Отвечал мне, махнув рукой:
– Хуже того, что есть, не будет. Помилуйте, ведь нам для того и праздничный день дан, чтоб мы могли хоть на себя поработать, хоть зашить, пришить что. Ведь мы наги и босы ходим. Оборвались все. День-деньской без передышки, да еще и в законный праздник, да еще в кандалах, иди на них работать. Где уж тут хуже быть!
Изменить на Сахалине установленный самим законом порядок ровно ничего не стоит любому капитану, находящемуся в хороших отношениях со смотрителем.
– Надо поехать к смотрителю!
– говорит агент какой-нибудь торговой фирмы.
– Сказать, чтоб людей послал. А то пароход наш зафрахтованный пришел. Что ж ему так-то стоять!
– Да ведь сегодня, по закону, такой праздник, когда каторжные освобождены от работы!
– Ничего не значит.
– Да ведь по закону!
– Пустяки.
Если вы к этому прибавите дурную, вовсе не питательную пищу, одежду и обувь, решительно не греющие при, мало-мальском холоде, - вы, быть может, поймете и причины того, что терпение этих "испытуемых" людей подчас лопается, и причины их безумных побегов и причину того озлобления, которым дышит каторга.
Я, по возможности, избегал посещать кандальные тюрьмы вместе с господами смотрителями. Мне хотелось провалиться на месте от тех вещей, которые им в лицо говорили каторжане. Говорили с такой дерзостью, какая никогда не приснится нам. С дерзостью людей, которым больше уж нечего бояться. Говорили, рискуя многим, чтобы только излить свое озлобленное чувство, - говорили потому, что уж, вероятно, язык не мог молчать.
В "кандальной" Рыковской тюрьме, когда я приехал туда, царило такое озлобление, что смотритель не сразу решился меня вести.
– Да это такие мерзавцы, которых и смотреть не стоит!
– "разговаривал" он меня.
– Да ведь я и на Сахалин приехал смотреть не рыцарей чести!

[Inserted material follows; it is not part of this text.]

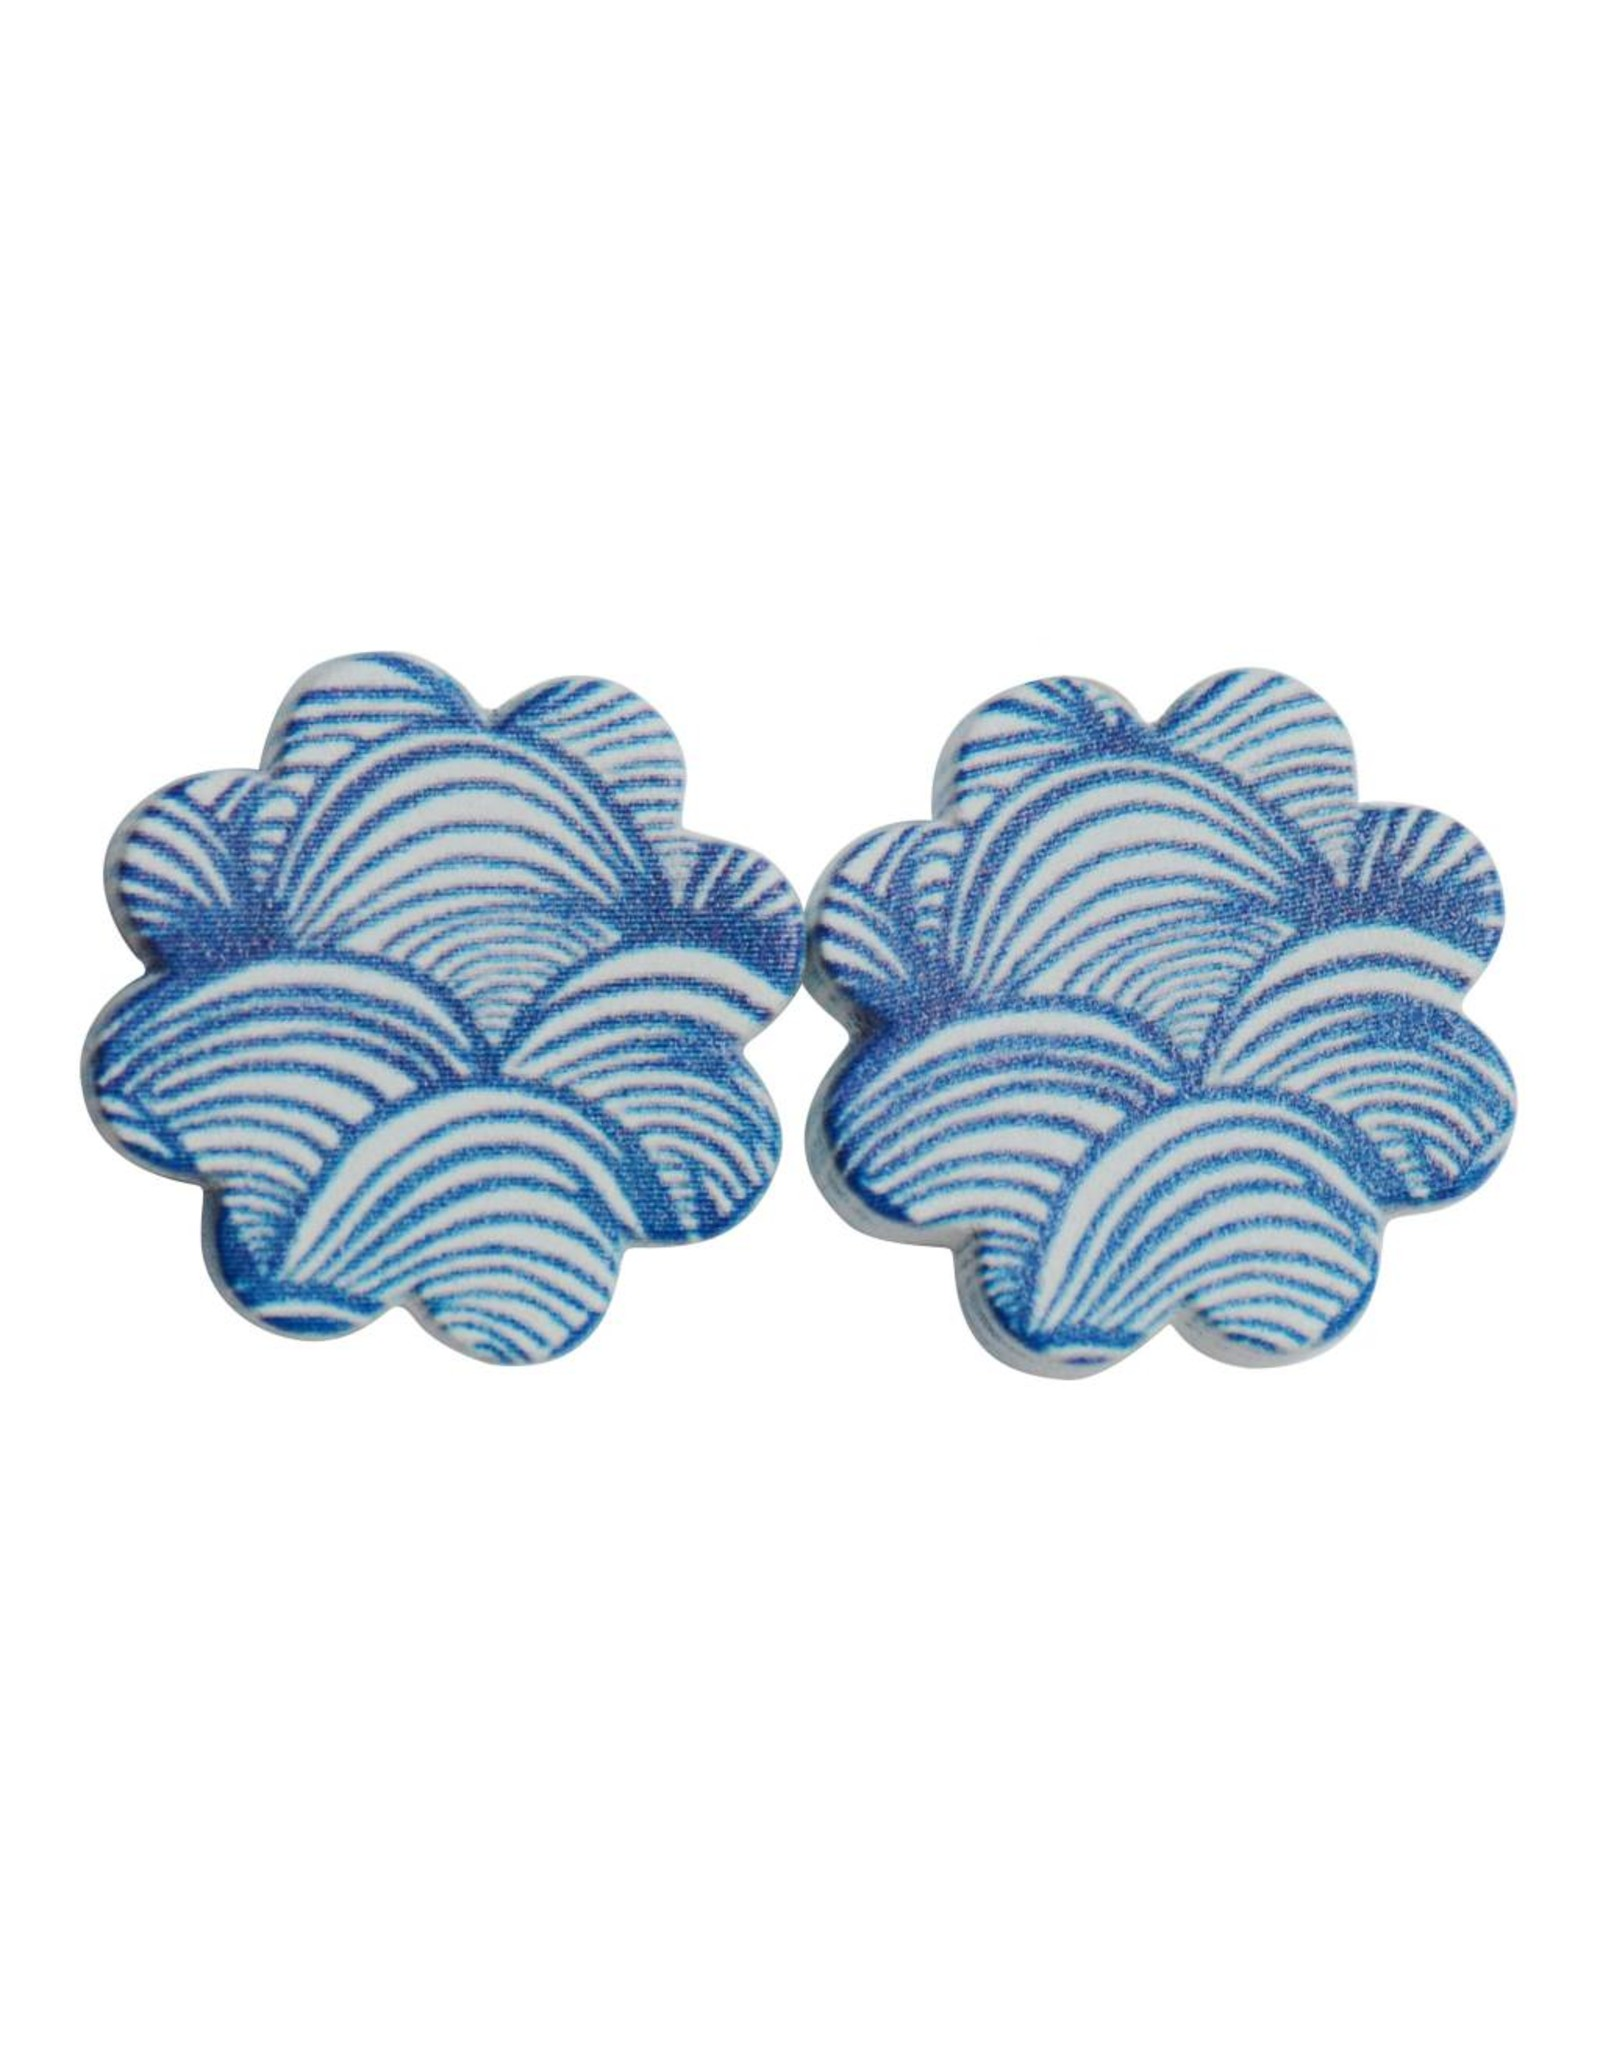 oorbEllen hout stekers golfjes blauw bloem

"Кандальное" отделение сидело уже две недели "на параше". Они отказывались работать, их уже две недели держали взаперти, никуда не выпуская из "номера", только утром и вечером меняя "парашу", стоявшую в углу. В этом зловонном воздухе люди, сидевшие взаперти, казались, действительно, зверями. И, не стану скрывать, было довольно жутко проходить
– И не пойдем!
– кричали мне со всех сторон.
– Пускай переморят всех, - не пойдем!
– Ты за что?
– обратился к одному, стоявшему "как истукан" у стенки и смотревшему злобным взглядом.
– А тебе на что?
– ответил он таким тоном, что один из каторжников тронул меня за рукав и тихонько сказал:
– Барин, поотойдите от него!
Принимая меня за начальство, они нарочно говорили таким тоном, стараясь вызвать меня на резкость, на дерзость, думая сорвать на мне накопившееся озлобление.

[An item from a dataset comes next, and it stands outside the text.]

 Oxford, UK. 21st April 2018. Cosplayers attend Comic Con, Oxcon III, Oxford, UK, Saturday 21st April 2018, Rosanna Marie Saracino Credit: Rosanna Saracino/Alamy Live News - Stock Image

"Испытуемые" посылаются на работы не иначе, как под конвоем солдат. И вы часто увидите такую, например, сцену. "Испытуемые" разогнали пустую вагонетку, на которой они перевозят мешки с мукою, и повскакали на нее. Вагонетка летит по рельсам. А за нею, одной рукой поддерживая шинель, в которой он путается, и с ружьем в другой, задыхаясь, весь в поту, бежит солдат. А на вагонетку каторжане его не пускают:
– Нет! Ты пробегайся!
– Братцы, ну, зачем вы такое свинство делаете?

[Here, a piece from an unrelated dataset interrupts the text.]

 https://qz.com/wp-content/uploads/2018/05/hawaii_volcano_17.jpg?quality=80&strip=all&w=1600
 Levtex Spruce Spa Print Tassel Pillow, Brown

– спрашиваю как-то у каторжан.
– Ведь он такой же человек, как и вы!
– Эх, барин! Да ведь надо же хоть на ком-нибудь злость сорвать!
– отвечают каторжане.
Зато не на редкость и такая, например, сцена.
Один из "испытуемых", с больной ногой, поотстал от партии поправить кандалы. Конвойный его в бок прикладом.
– Ну, за что ты его?
– говорю.
– Видишь, человек больной.
Конвойный оглянулся:
– А ты не лезь, куда не спрашивают!
И во взгляде его светилось столько накипевшей злобы.
Вот еще люди, которые отбывают на Сахалине действительно каторжную работу!
В посту Александровском, в клубе для служащих, служит лакеем Николай, бывший конвойный, убивший каторжника и теперь сам осужденный на каторгу.
– Как живется?
– спрашиваю.
– Да что ж, - отвечает, - допрежде, действительно, конвойным был, а теперь, слава Богу, в каторгу попал.
– Как - слава Богу?
– А то что ж! Работы-то те же самые, что и у них: так же бревна, дрова таскаем. Да еще за ними, за чертями, смотри. Всякий тебе норовит подлость сделать, издевку какую учинить, "засыпать". Того и гляди, - влетишь за них. Гляди в оба, чтобы не убег. Да поглядывай, чтобы самого не убили. А тронешь кого, - сам под суд. Нет, в каторге-то оно поспособней. Тут смотреть не за кем. За мной пусть смотрят!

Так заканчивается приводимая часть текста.